**WORK INSTRUCTION**
Set down each line of the data exactly, but not the pictures.

━━━ THE DATA ━━━

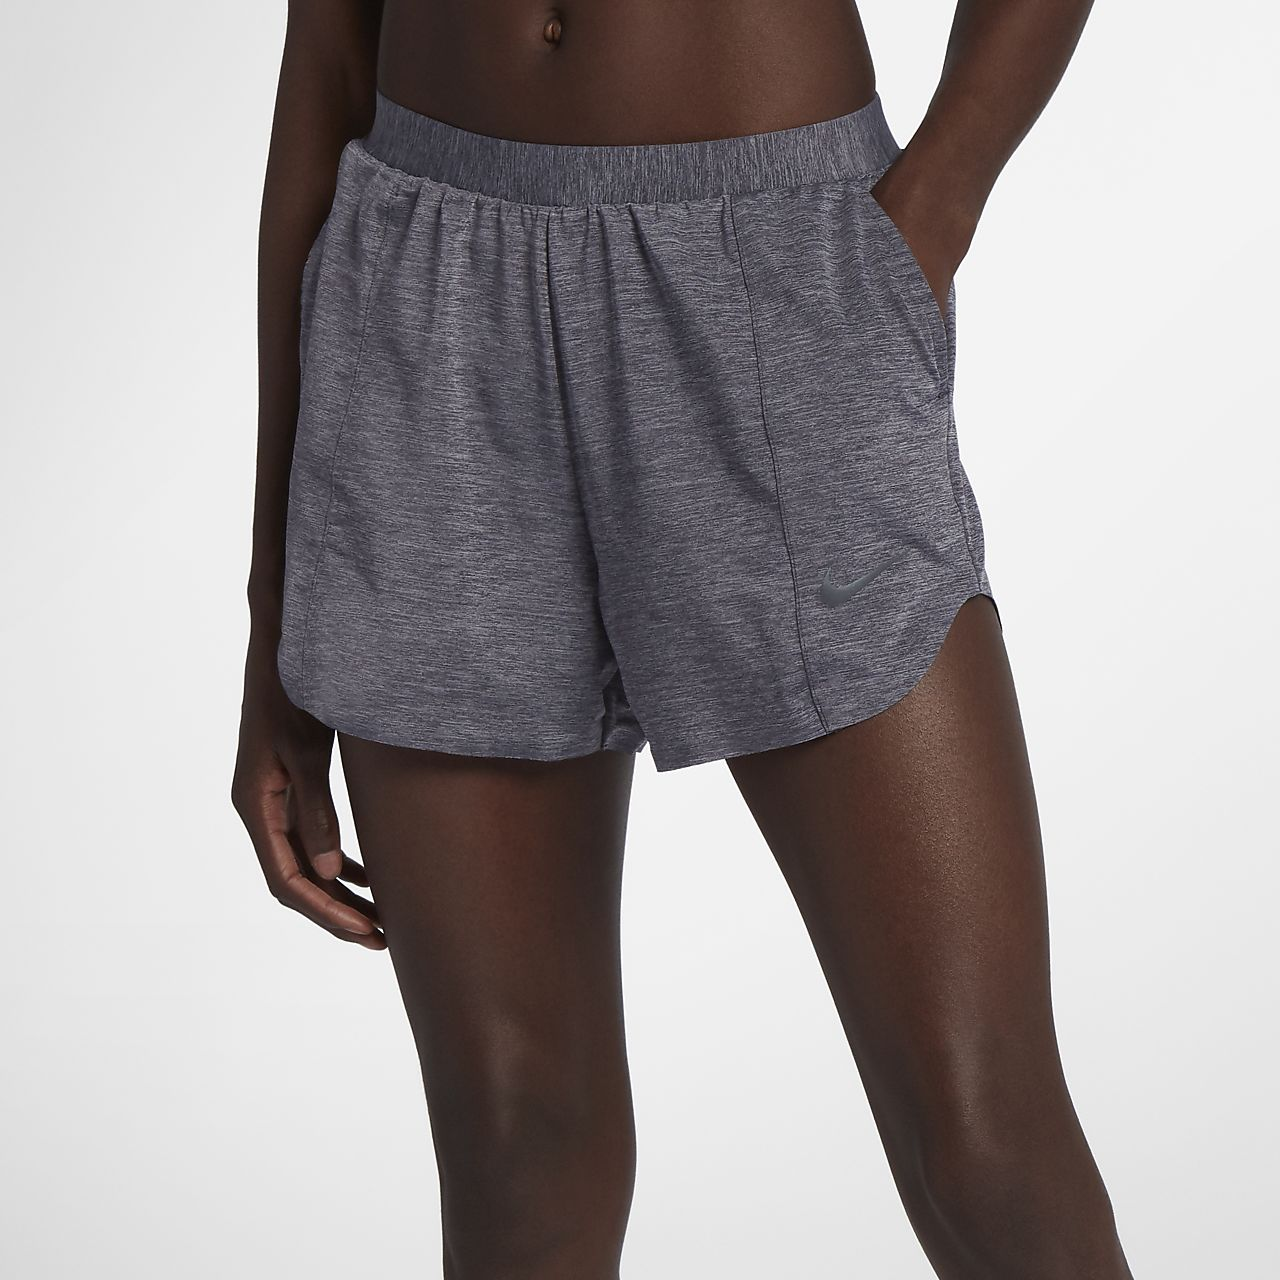 Nike Run Division Women's Running Shorts
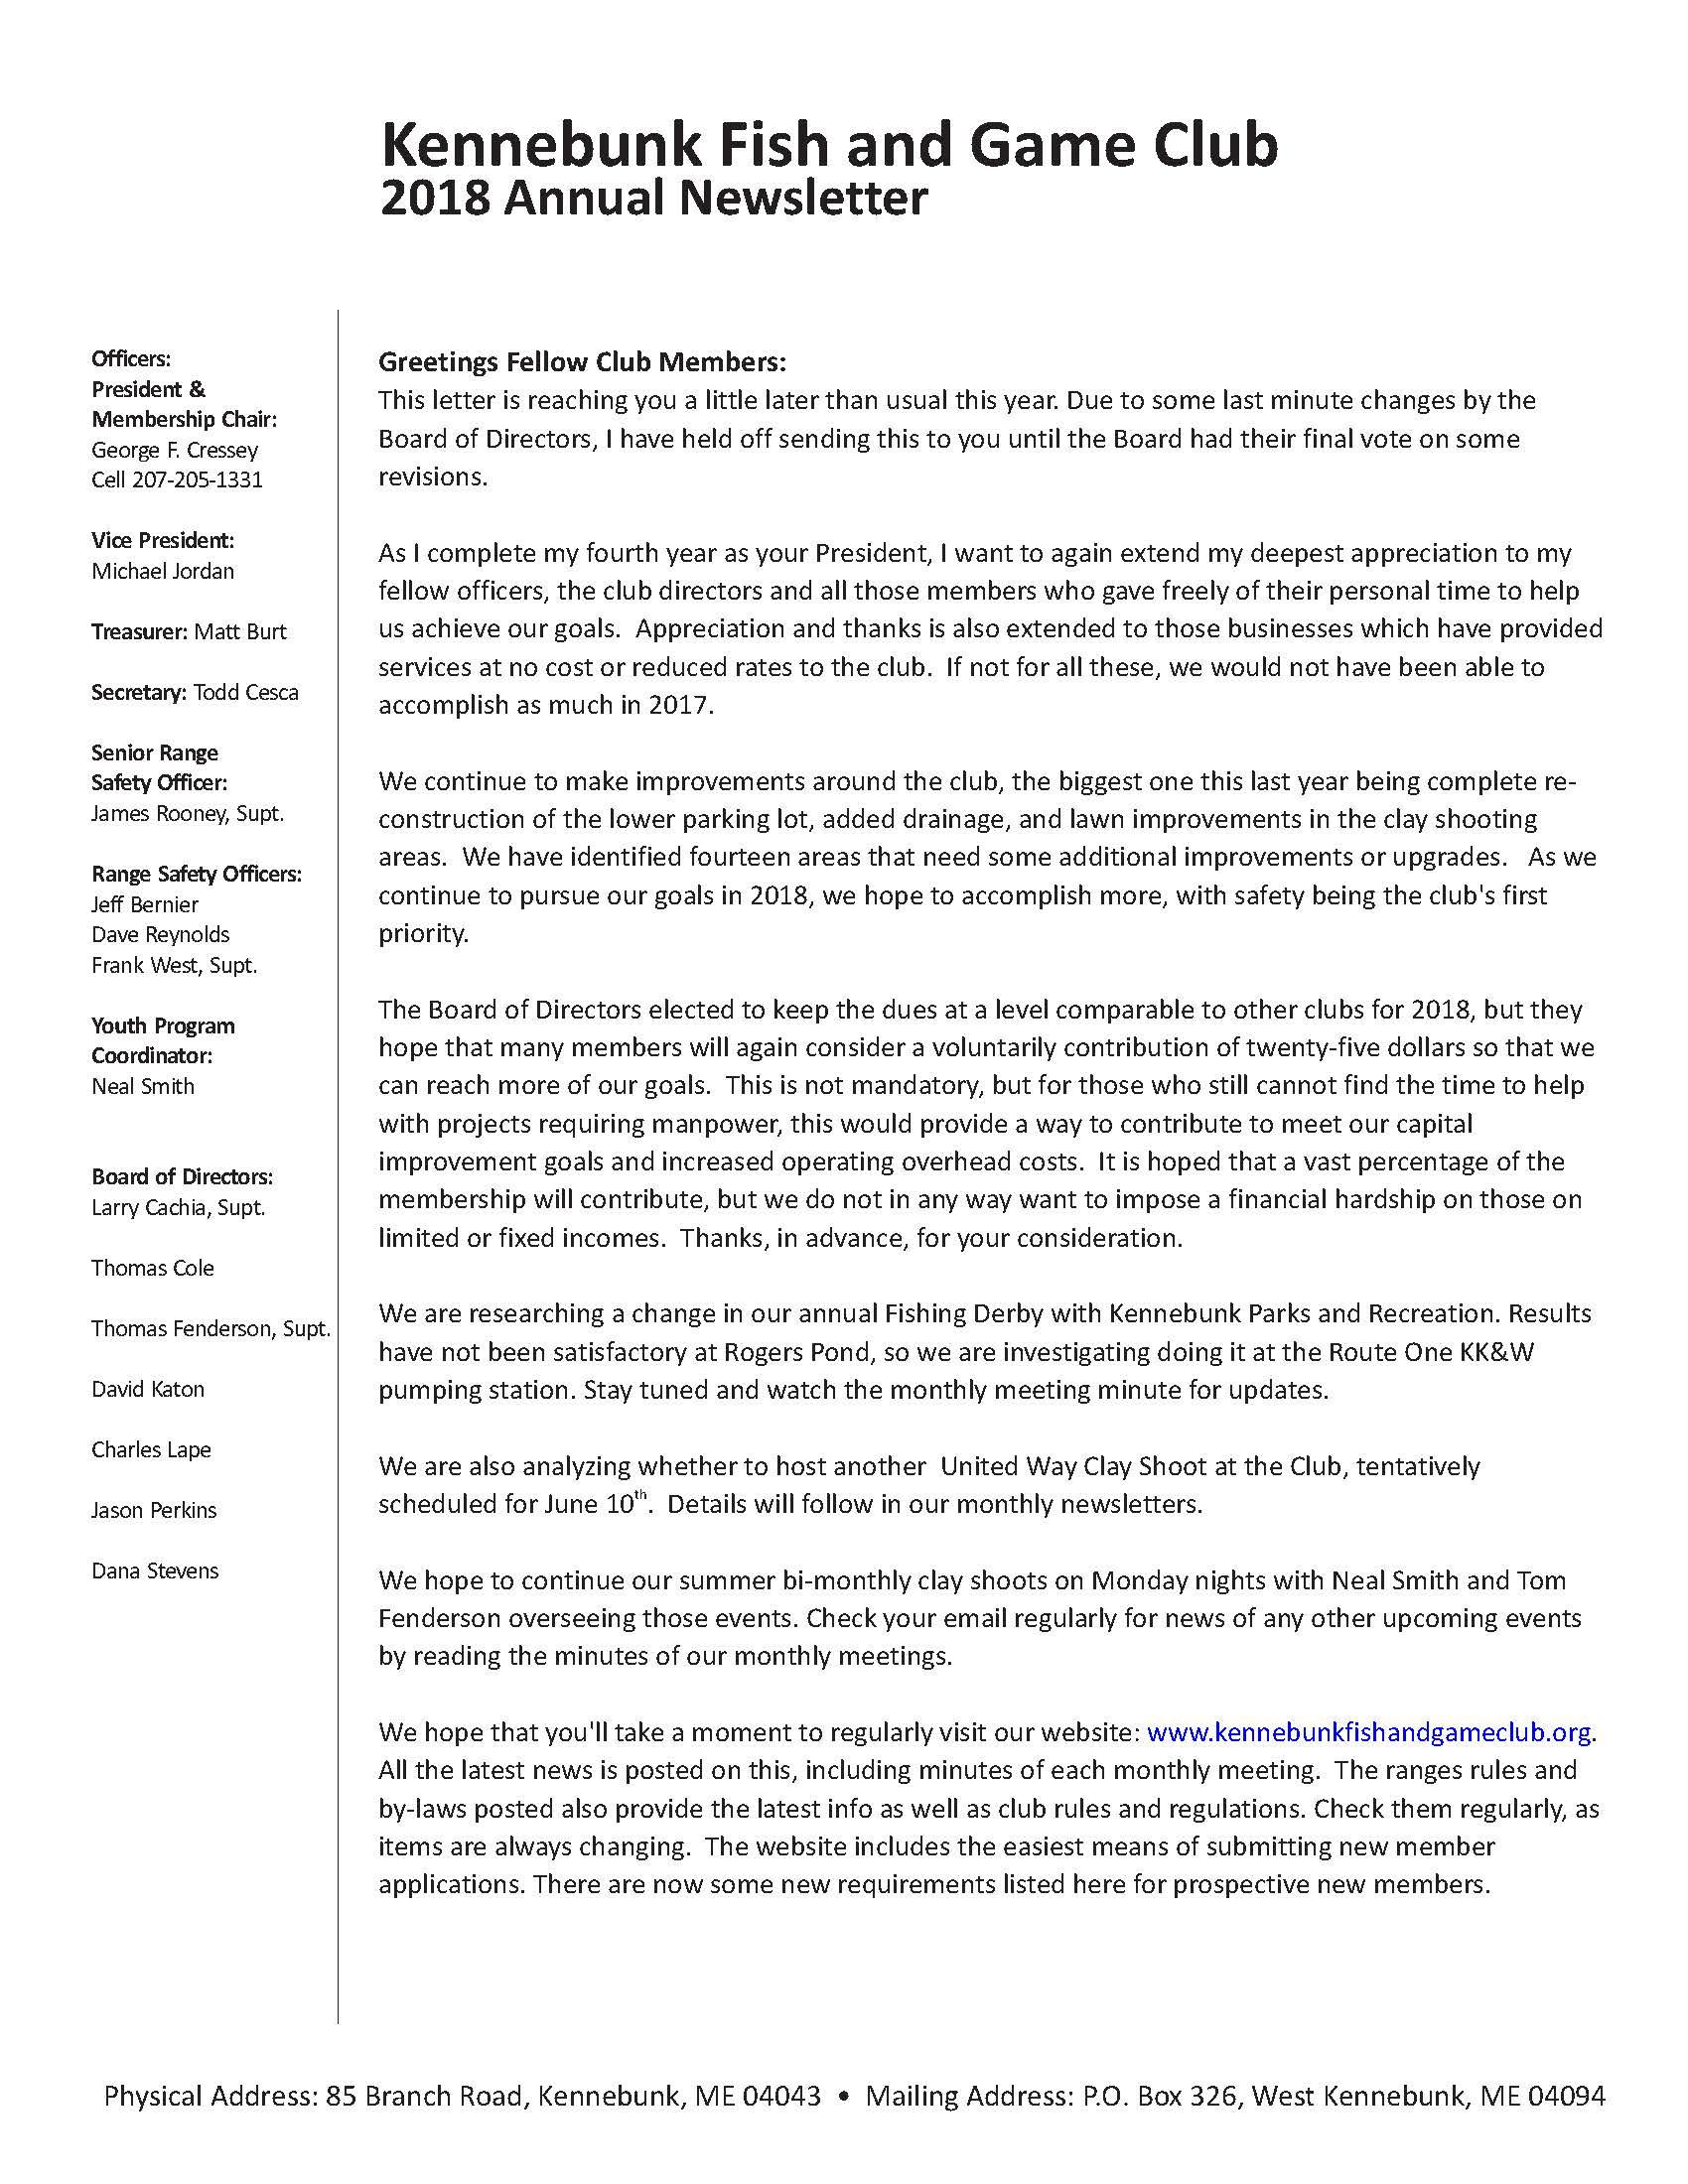 Kennebunk Fish & Game 2018  Newsletter 021218_Page_1.jpg
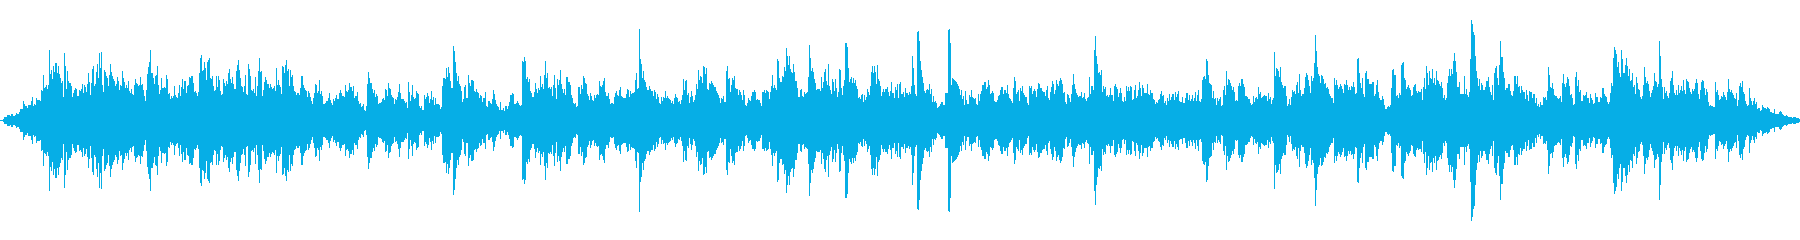 CLUNKY SLEIGH BEL...の再生済みの波形
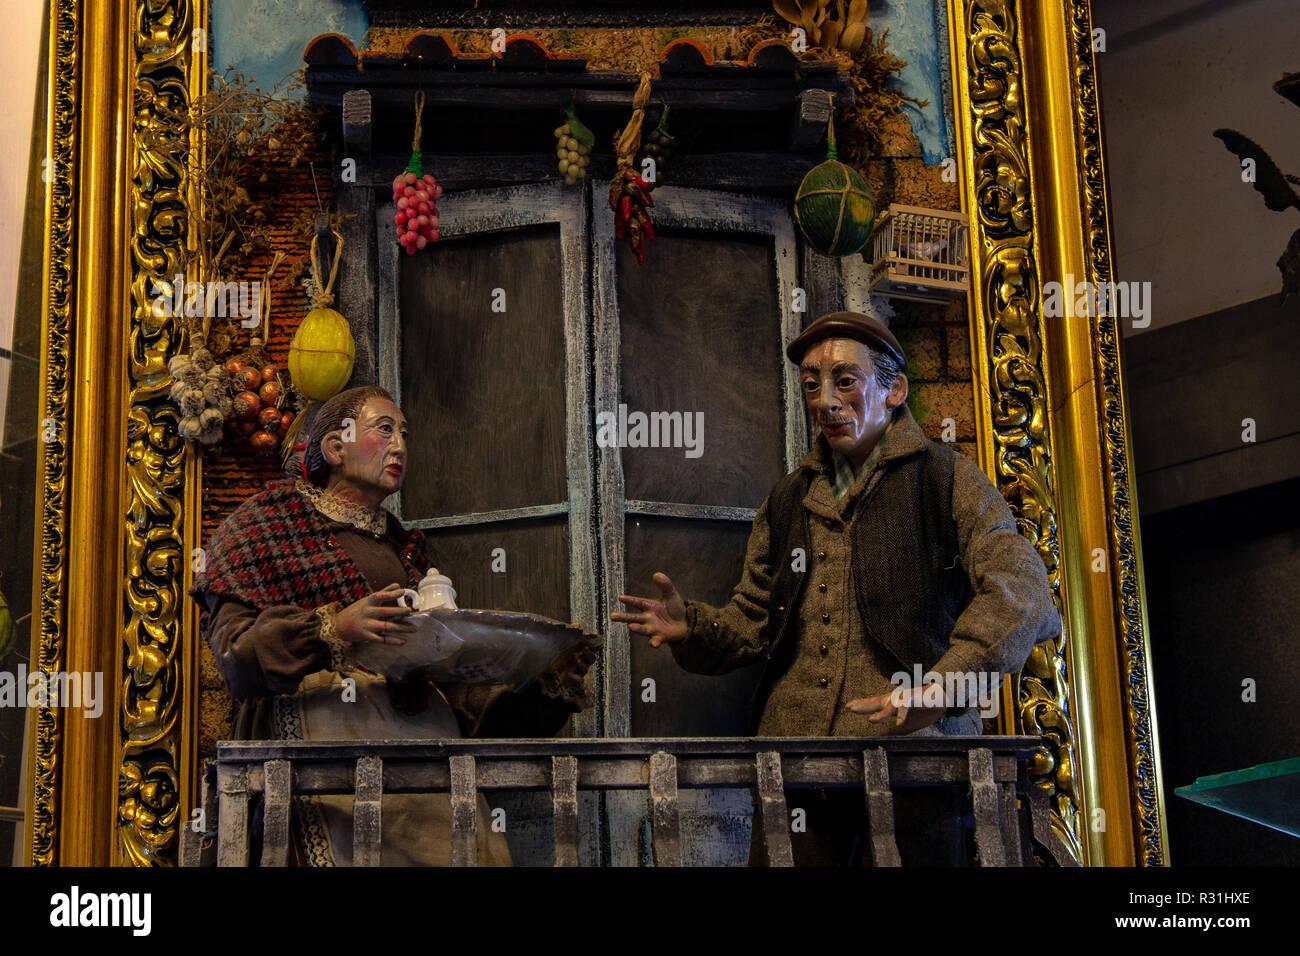 Naples, San Greorio Armeno, scene of a play represented in Neapolitan presepial shepherds. 03/11/2018 - Stock Image

━━━

**FINAL ANSWER**
 Nike Run Division Women's Running Shorts
 Kennebunk Fish & Game 2018  Newsletter 021218_Page_1.jpg
 CLUNKY SLEIGH BEL...の再生済みの波形
 Naples, San Greorio Armeno, scene of a play represented in Neapolitan presepial shepherds. 03/11/2018 - Stock Image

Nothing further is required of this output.